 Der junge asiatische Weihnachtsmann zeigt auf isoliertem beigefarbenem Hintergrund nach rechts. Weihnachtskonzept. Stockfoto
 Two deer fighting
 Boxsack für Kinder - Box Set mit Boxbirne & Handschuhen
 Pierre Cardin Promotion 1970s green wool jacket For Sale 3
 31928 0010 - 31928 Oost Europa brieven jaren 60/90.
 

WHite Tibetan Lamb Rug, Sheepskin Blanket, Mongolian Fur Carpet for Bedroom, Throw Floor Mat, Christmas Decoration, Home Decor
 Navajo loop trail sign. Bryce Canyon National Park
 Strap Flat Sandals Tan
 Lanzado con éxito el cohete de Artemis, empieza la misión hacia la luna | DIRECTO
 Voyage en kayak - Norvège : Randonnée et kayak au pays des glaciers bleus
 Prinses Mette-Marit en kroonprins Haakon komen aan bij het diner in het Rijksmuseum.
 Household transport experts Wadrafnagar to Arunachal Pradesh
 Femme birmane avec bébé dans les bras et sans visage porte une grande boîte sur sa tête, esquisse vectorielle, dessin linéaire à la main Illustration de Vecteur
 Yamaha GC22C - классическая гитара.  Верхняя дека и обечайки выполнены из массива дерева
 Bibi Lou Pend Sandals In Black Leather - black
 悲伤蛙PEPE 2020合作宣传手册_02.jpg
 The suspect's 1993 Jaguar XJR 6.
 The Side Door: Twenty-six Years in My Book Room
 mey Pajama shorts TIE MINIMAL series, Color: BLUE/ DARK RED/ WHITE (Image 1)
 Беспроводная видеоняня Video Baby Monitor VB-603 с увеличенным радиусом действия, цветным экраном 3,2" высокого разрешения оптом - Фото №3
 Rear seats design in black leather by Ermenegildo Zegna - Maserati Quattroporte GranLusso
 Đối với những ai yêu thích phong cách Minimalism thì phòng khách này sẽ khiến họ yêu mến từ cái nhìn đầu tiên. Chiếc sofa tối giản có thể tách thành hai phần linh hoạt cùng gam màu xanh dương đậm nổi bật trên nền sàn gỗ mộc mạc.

:: The problem ::
Reproduce the lines word for word, starting at the one holding "Voyage en kayak" and ending at the final line of the material above.

:: Completed exercise ::
 Voyage en kayak - Norvège : Randonnée et kayak au pays des glaciers bleus
 Prinses Mette-Marit en kroonprins Haakon komen aan bij het diner in het Rijksmuseum.
 Household transport experts Wadrafnagar to Arunachal Pradesh
 Femme birmane avec bébé dans les bras et sans visage porte une grande boîte sur sa tête, esquisse vectorielle, dessin linéaire à la main Illustration de Vecteur
 Yamaha GC22C - классическая гитара.  Верхняя дека и обечайки выполнены из массива дерева
 Bibi Lou Pend Sandals In Black Leather - black
 悲伤蛙PEPE 2020合作宣传手册_02.jpg
 The suspect's 1993 Jaguar XJR 6.
 The Side Door: Twenty-six Years in My Book Room
 mey Pajama shorts TIE MINIMAL series, Color: BLUE/ DARK RED/ WHITE (Image 1)
 Беспроводная видеоняня Video Baby Monitor VB-603 с увеличенным радиусом действия, цветным экраном 3,2" высокого разрешения оптом - Фото №3
 Rear seats design in black leather by Ermenegildo Zegna - Maserati Quattroporte GranLusso
 Đối với những ai yêu thích phong cách Minimalism thì phòng khách này sẽ khiến họ yêu mến từ cái nhìn đầu tiên. Chiếc sofa tối giản có thể tách thành hai phần linh hoạt cùng gam màu xanh dương đậm nổi bật trên nền sàn gỗ mộc mạc.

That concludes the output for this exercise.